[Saved data entries]
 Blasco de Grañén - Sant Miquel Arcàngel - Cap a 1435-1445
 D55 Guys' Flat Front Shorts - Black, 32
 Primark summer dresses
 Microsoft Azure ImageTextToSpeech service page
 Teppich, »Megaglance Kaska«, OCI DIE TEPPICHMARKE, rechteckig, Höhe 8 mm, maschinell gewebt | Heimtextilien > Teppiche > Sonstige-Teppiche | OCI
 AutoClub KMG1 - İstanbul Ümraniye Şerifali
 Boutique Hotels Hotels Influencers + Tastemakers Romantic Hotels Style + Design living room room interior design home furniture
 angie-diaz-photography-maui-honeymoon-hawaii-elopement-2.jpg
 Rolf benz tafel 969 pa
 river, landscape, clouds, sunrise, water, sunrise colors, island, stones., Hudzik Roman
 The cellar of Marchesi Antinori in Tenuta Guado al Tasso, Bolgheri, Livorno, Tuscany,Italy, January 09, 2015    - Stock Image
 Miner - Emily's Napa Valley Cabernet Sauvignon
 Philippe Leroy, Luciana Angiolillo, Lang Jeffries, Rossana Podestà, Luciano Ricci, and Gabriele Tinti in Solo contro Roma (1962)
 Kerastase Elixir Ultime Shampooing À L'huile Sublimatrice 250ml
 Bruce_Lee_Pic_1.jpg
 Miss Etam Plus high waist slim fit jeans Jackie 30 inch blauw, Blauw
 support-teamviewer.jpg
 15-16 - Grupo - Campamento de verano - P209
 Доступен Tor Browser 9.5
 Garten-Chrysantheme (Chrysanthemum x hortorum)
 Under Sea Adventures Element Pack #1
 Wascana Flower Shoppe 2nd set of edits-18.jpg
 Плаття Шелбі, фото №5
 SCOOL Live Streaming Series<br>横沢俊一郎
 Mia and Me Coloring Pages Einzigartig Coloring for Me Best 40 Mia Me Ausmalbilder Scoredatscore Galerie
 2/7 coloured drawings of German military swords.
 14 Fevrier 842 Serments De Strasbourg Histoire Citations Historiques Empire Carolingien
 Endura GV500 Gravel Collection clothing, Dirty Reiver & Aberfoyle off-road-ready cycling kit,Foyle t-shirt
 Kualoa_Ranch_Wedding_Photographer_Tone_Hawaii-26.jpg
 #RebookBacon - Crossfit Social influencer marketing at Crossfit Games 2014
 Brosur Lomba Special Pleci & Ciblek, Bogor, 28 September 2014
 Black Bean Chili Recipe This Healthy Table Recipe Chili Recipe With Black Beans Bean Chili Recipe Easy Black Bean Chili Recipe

TASK OBJECTIVE –
Your answer should hold exactly the lines from the one containing "Плаття Шелбі, фото №5" through the end of the entries above, and nothing else.

TASK SOLUTION –
 Плаття Шелбі, фото №5
 SCOOL Live Streaming Series<br>横沢俊一郎
 Mia and Me Coloring Pages Einzigartig Coloring for Me Best 40 Mia Me Ausmalbilder Scoredatscore Galerie
 2/7 coloured drawings of German military swords.
 14 Fevrier 842 Serments De Strasbourg Histoire Citations Historiques Empire Carolingien
 Endura GV500 Gravel Collection clothing, Dirty Reiver & Aberfoyle off-road-ready cycling kit,Foyle t-shirt
 Kualoa_Ranch_Wedding_Photographer_Tone_Hawaii-26.jpg
 #RebookBacon - Crossfit Social influencer marketing at Crossfit Games 2014
 Brosur Lomba Special Pleci & Ciblek, Bogor, 28 September 2014
 Black Bean Chili Recipe This Healthy Table Recipe Chili Recipe With Black Beans Bean Chili Recipe Easy Black Bean Chili Recipe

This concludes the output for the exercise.